Wel is het kenmerk van 'n dichter dat hij maakt of schept, maar de hoofdzaak is toch dat hij de wereld, of iets van de wereld, aanvoelt als wat zeer bizonders, zoodat hij er verbaasd van is, er vòl van wordt. Gewoonlijk kan hij er dan niet van zwijgen, en, sprekend, schilderend, zingend, herschept hij dat wat in hem is gekomen, als een wonder.
Bij Bernard Bandt komt het niet tot herschepping, maar ontvangen dat doet zijn ziel wel. Niets wordt iets in hem. De duisternis van 'n avondhemel, 'n boomenrij, 'n hekje, 'n stem, 't is alles iets bizonders dat hem in verbazing doet stilstaan en zwijgend toekijken, verwonderd over zijn eigen verwondering.
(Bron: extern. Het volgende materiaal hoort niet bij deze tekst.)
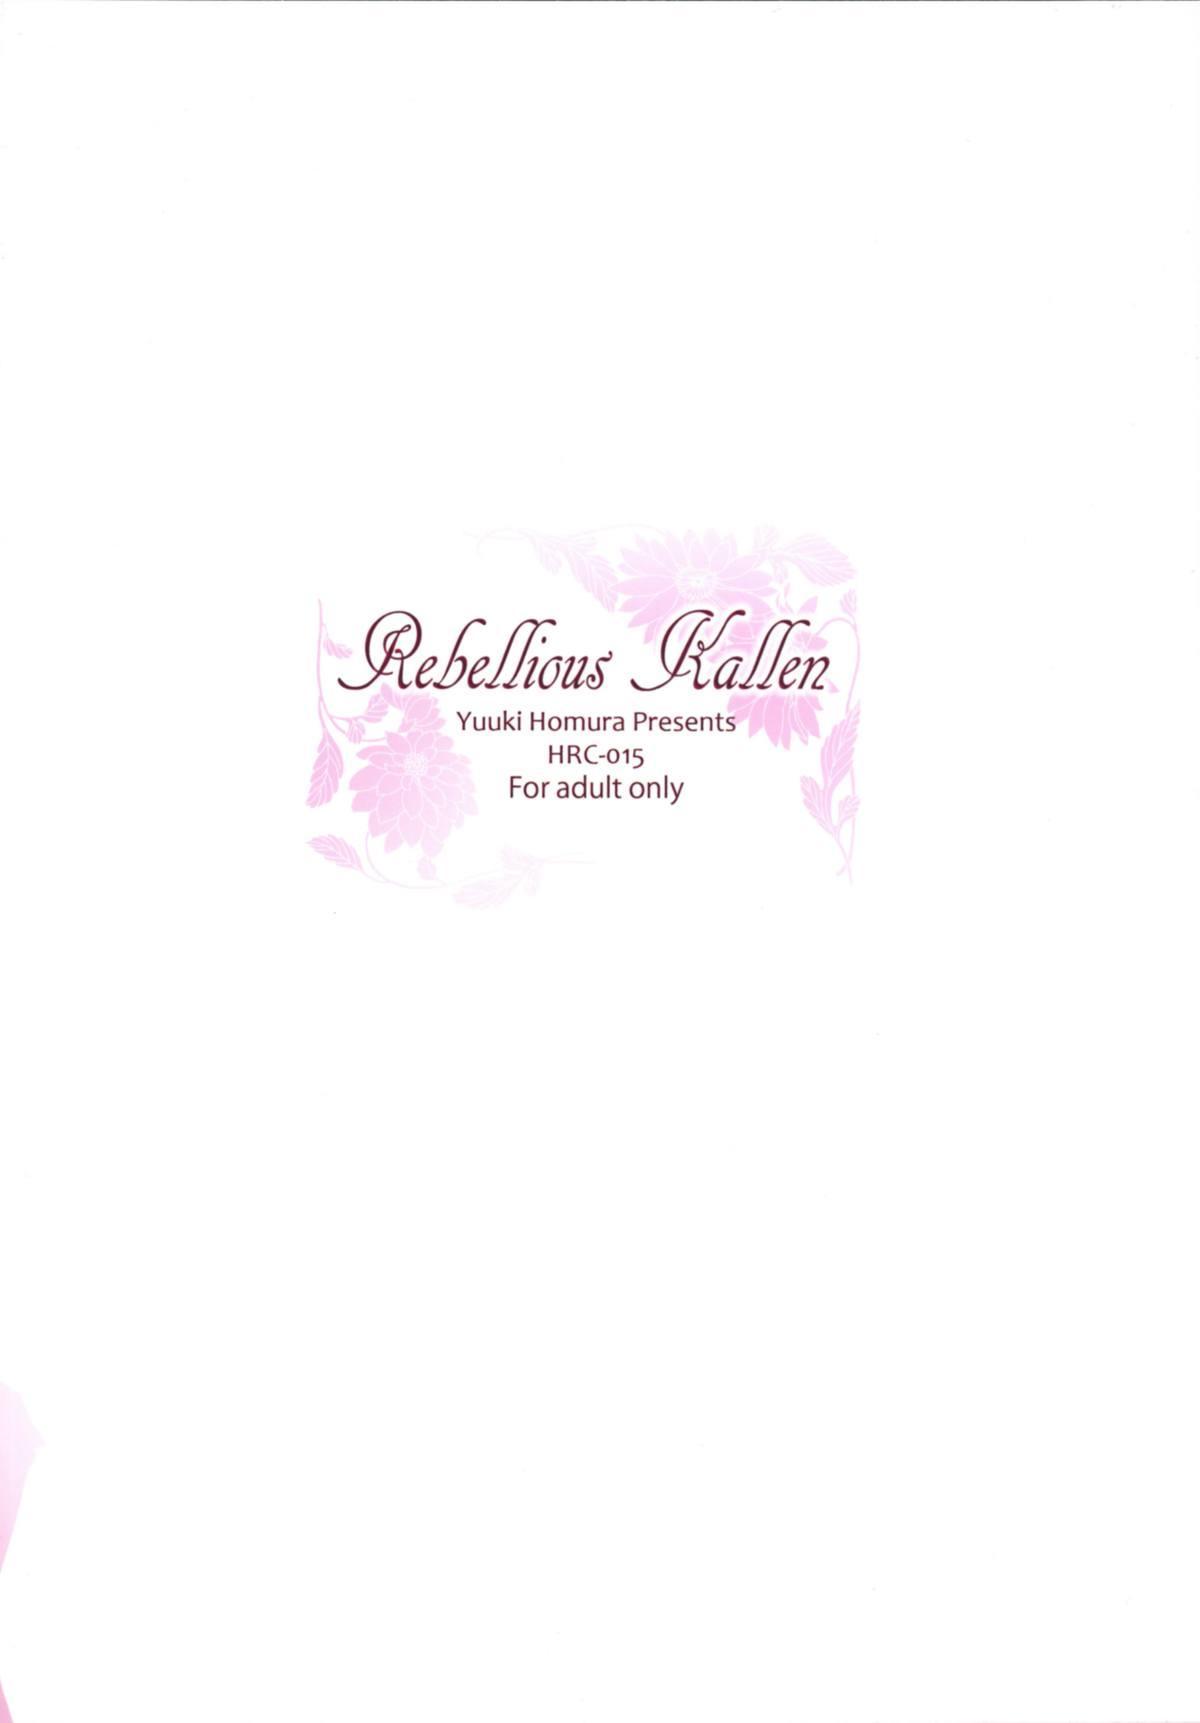 Rebellious Kallen 21

Bernard Bandt is dus een sensatie-roman. Niet in de oude beteekenis van: 'n boek dat ‘veel stof opjaagt’ als 'n voorbijrazende automobiel: stof van publieke ontroering en kakelende praatjes, maar 'n roman die in plaats van de prikkelende gebeurtenissen zooals de romantiek die gaf, en in plaats van de groeiende en meesleepende hartstochten gelijk de klassieke boeken die uitbeeldden, is samengesteld uit de honderdduizend emoties en gewaarwordingen, waarvan 't leven van elken mensch is gemaakt.
De gebeurtenissen in dit boek zijn weinig pikant, en dus geeft het geen lektuur voor het groote of grove publiek.
Een boek kan ons alleen grijpen, als men er zichzelf in vindt. Dat is de eenige en eeuwige oorzaak van belangstelling: zelfgevoel, zelfbelang, eigenliefde, egoïsme van onstoffelijken aard.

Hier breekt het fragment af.